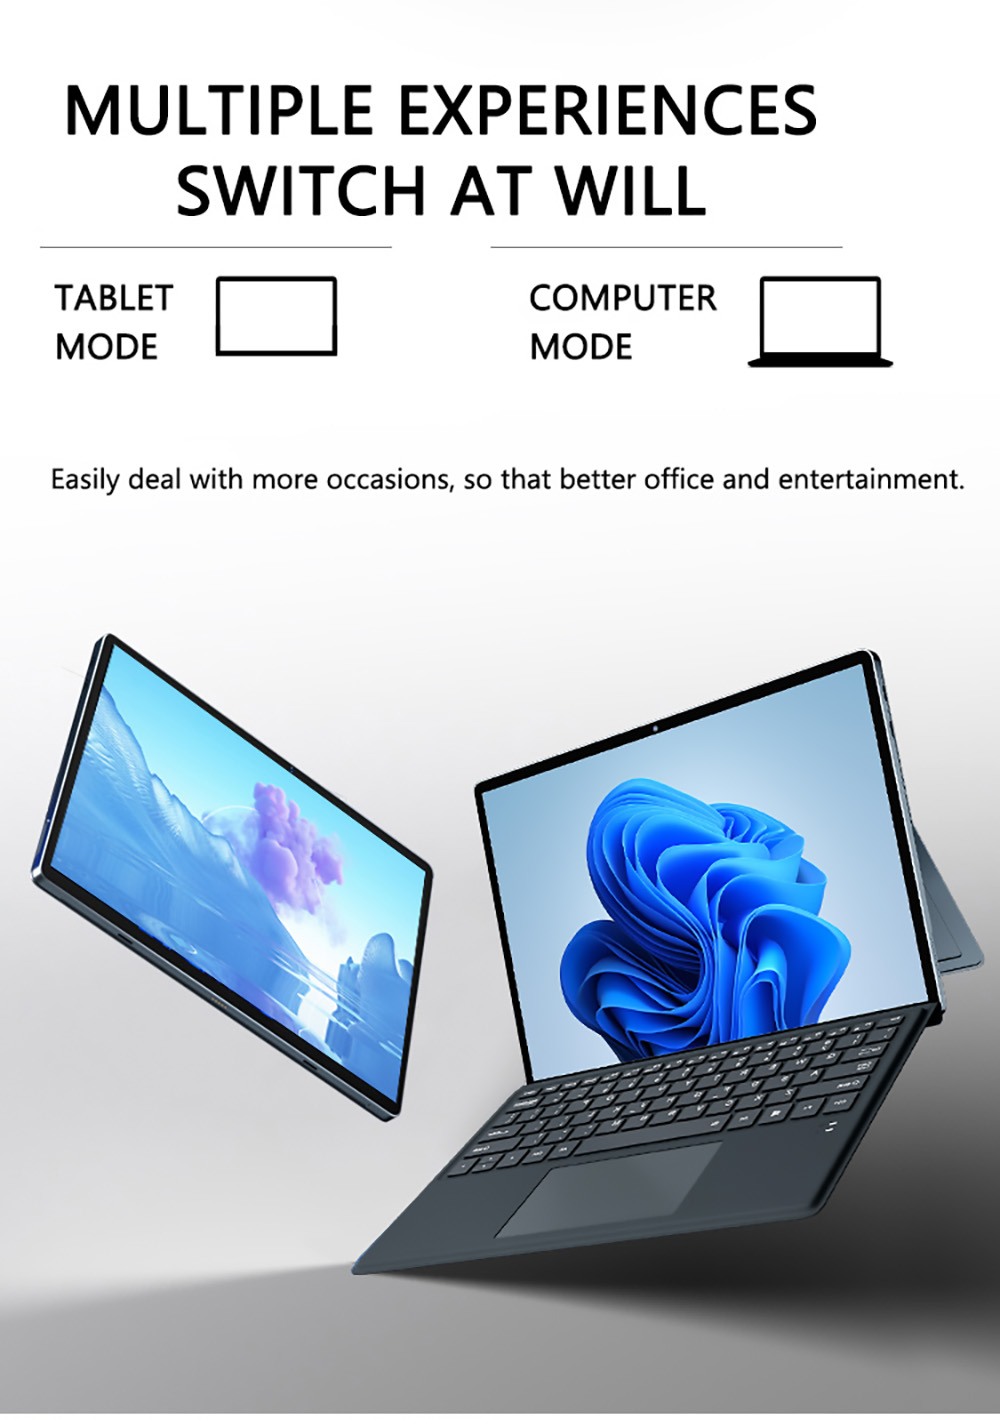 Ordinateur Tablette Kuu Lebook - Intel core i7-8550U - Framboise
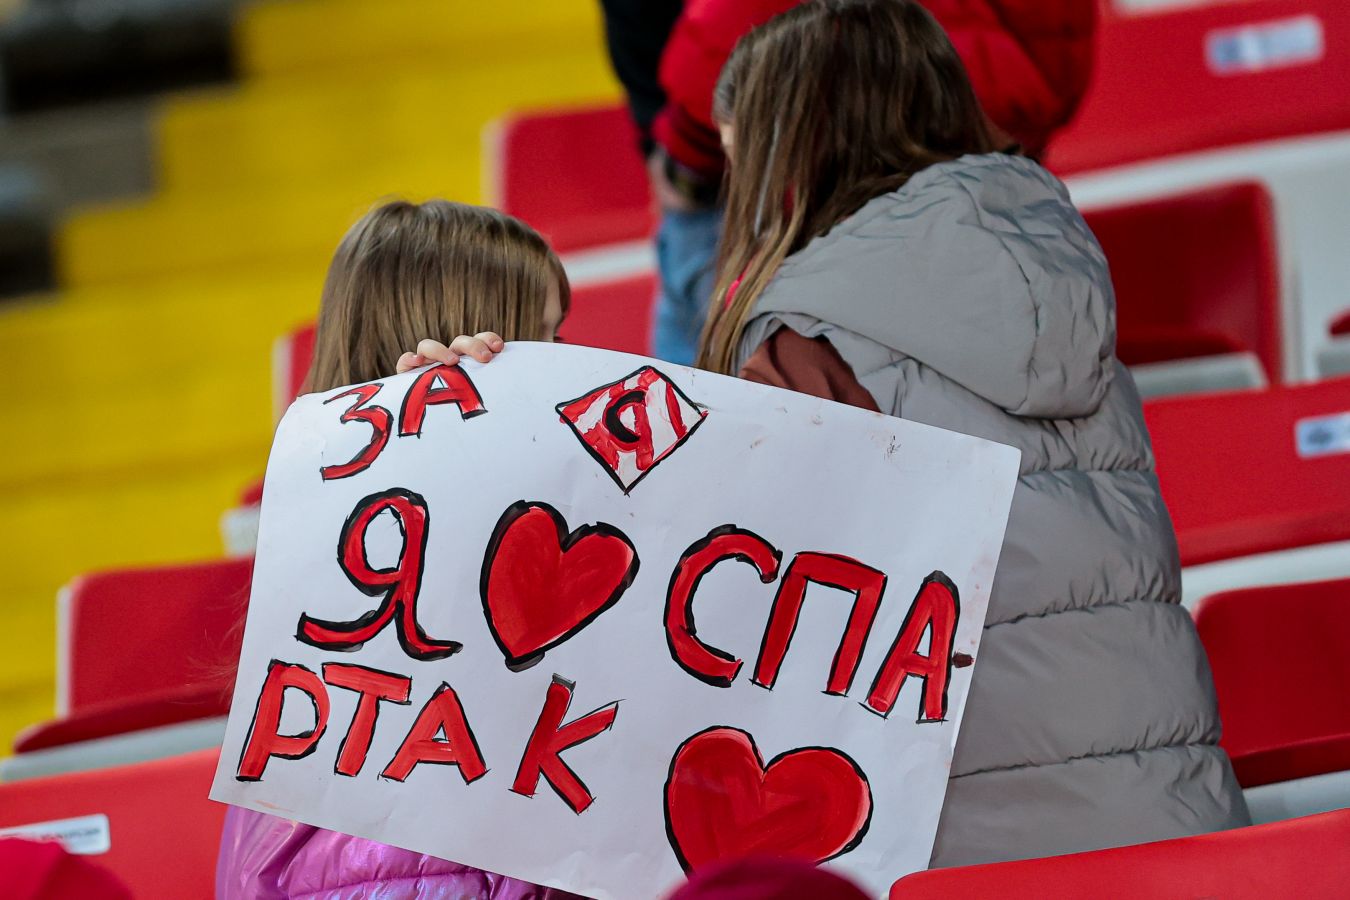 Матч Спартак  Динамо посетили 8985 зрителей  лучший показатель красно-белых с Fan ID
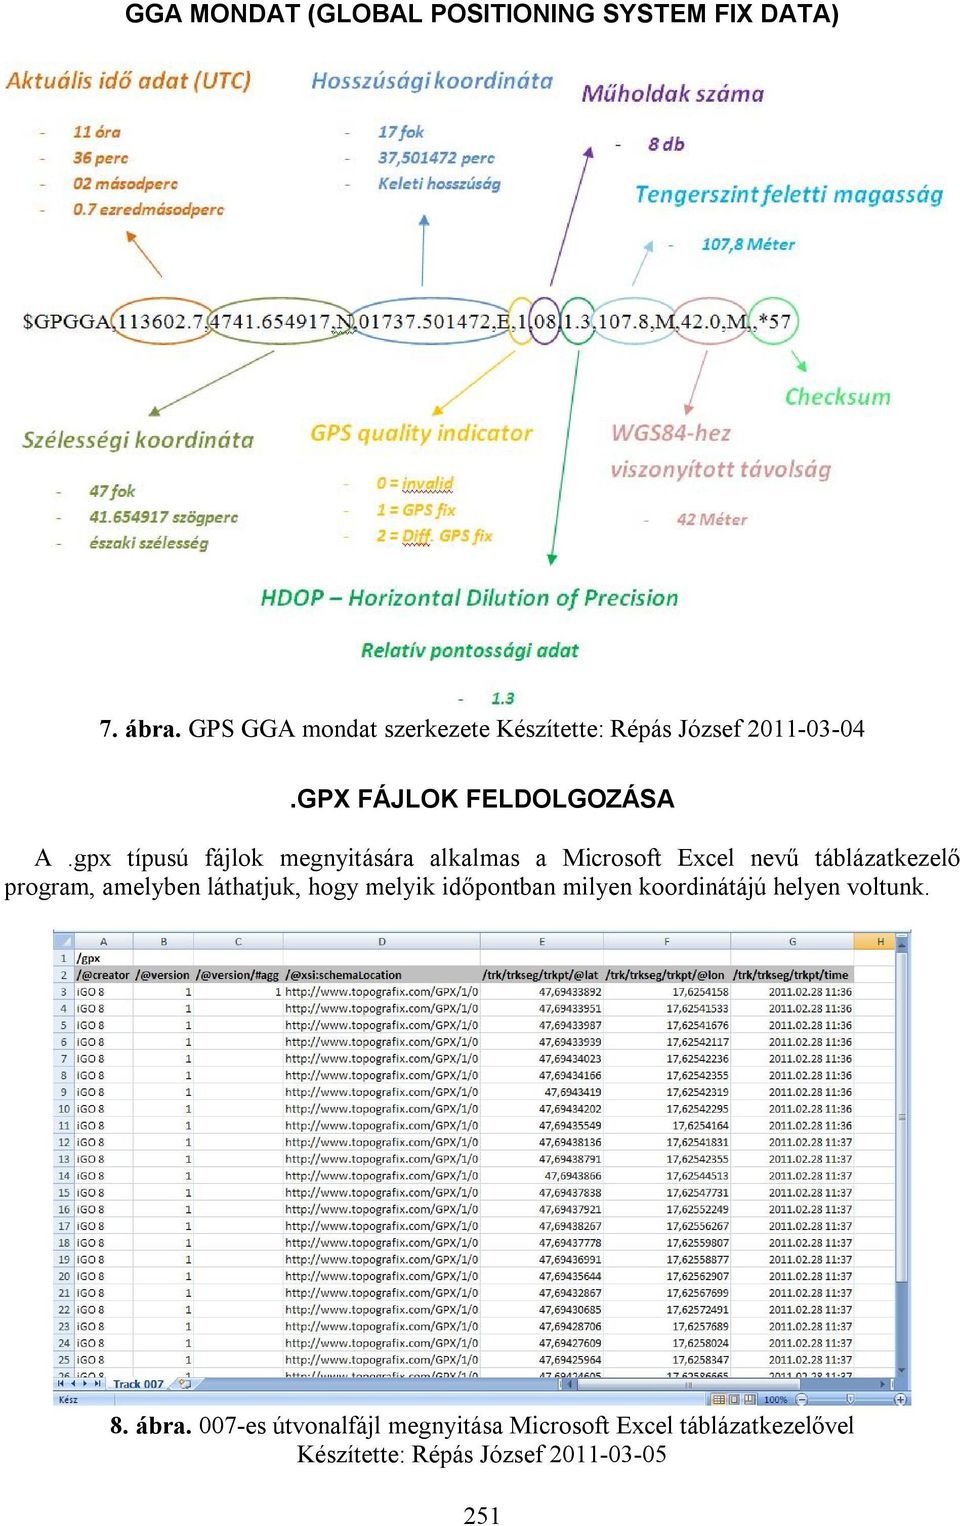 gpx típusú fájlok megnyitására alkalmas a Microsoft Excel nevű táblázatkezelő program, amelyben
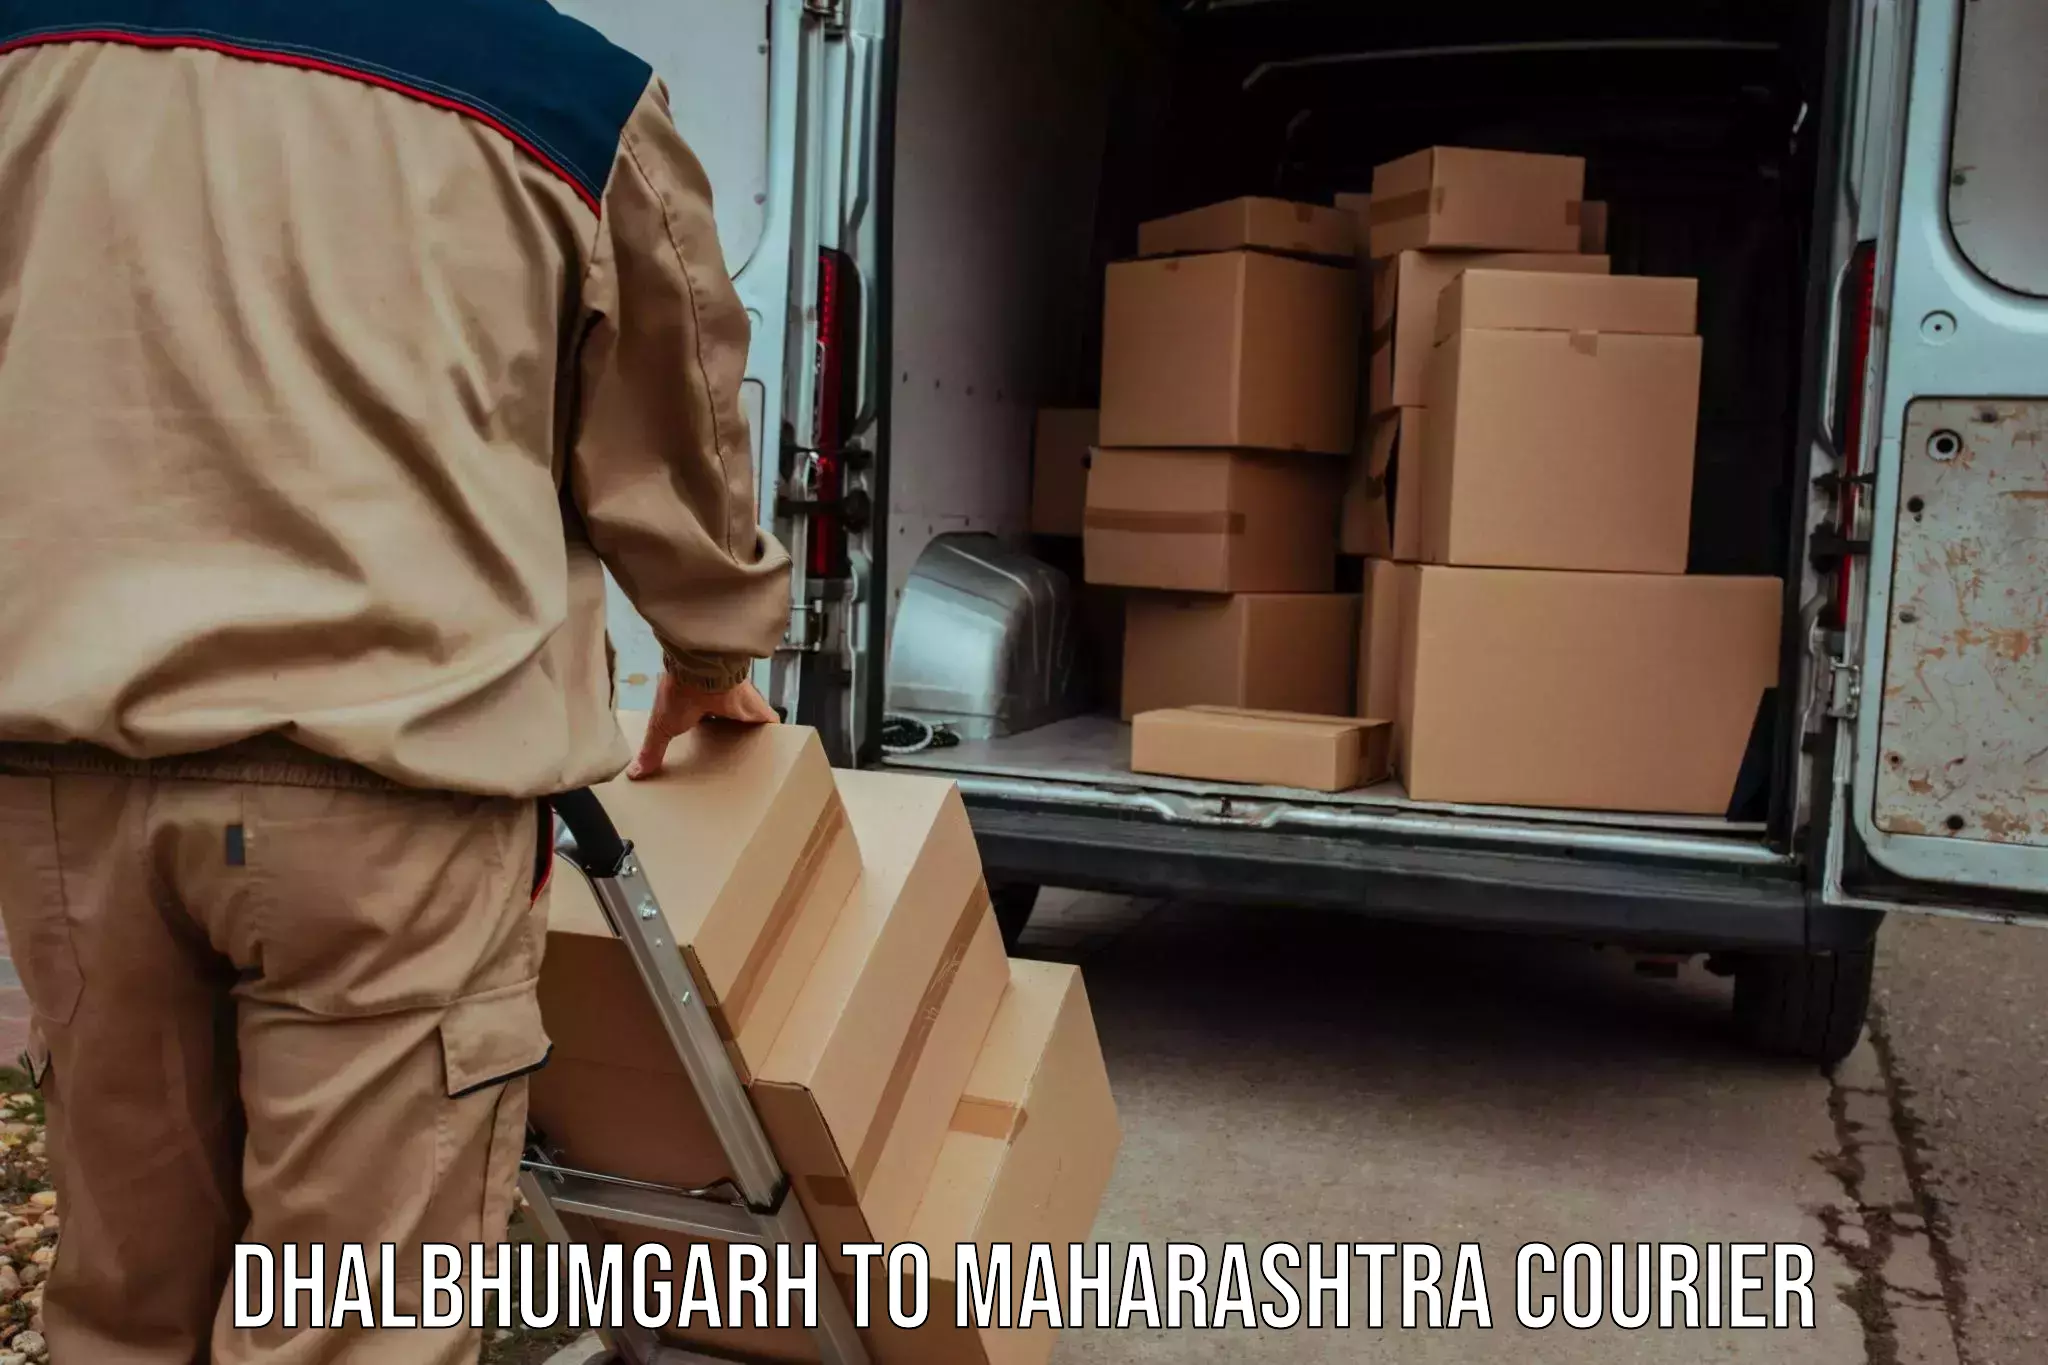 High-capacity parcel service Dhalbhumgarh to Maharashtra

Required work – Everything in the material above is to be reproduced exactly, pictures aside.

Result below –
 Ordinateur Tablette Kuu Lebook - Intel core i7-8550U - Framboise
 Матч Спартак  Динамо посетили 8985 зрителей  лучший показатель красно-белых с Fan ID
 gpx típusú fájlok megnyitására alkalmas a Microsoft Excel nevű táblázatkezelő program, amelyben
 High-capacity parcel service Dhalbhumgarh to Maharashtra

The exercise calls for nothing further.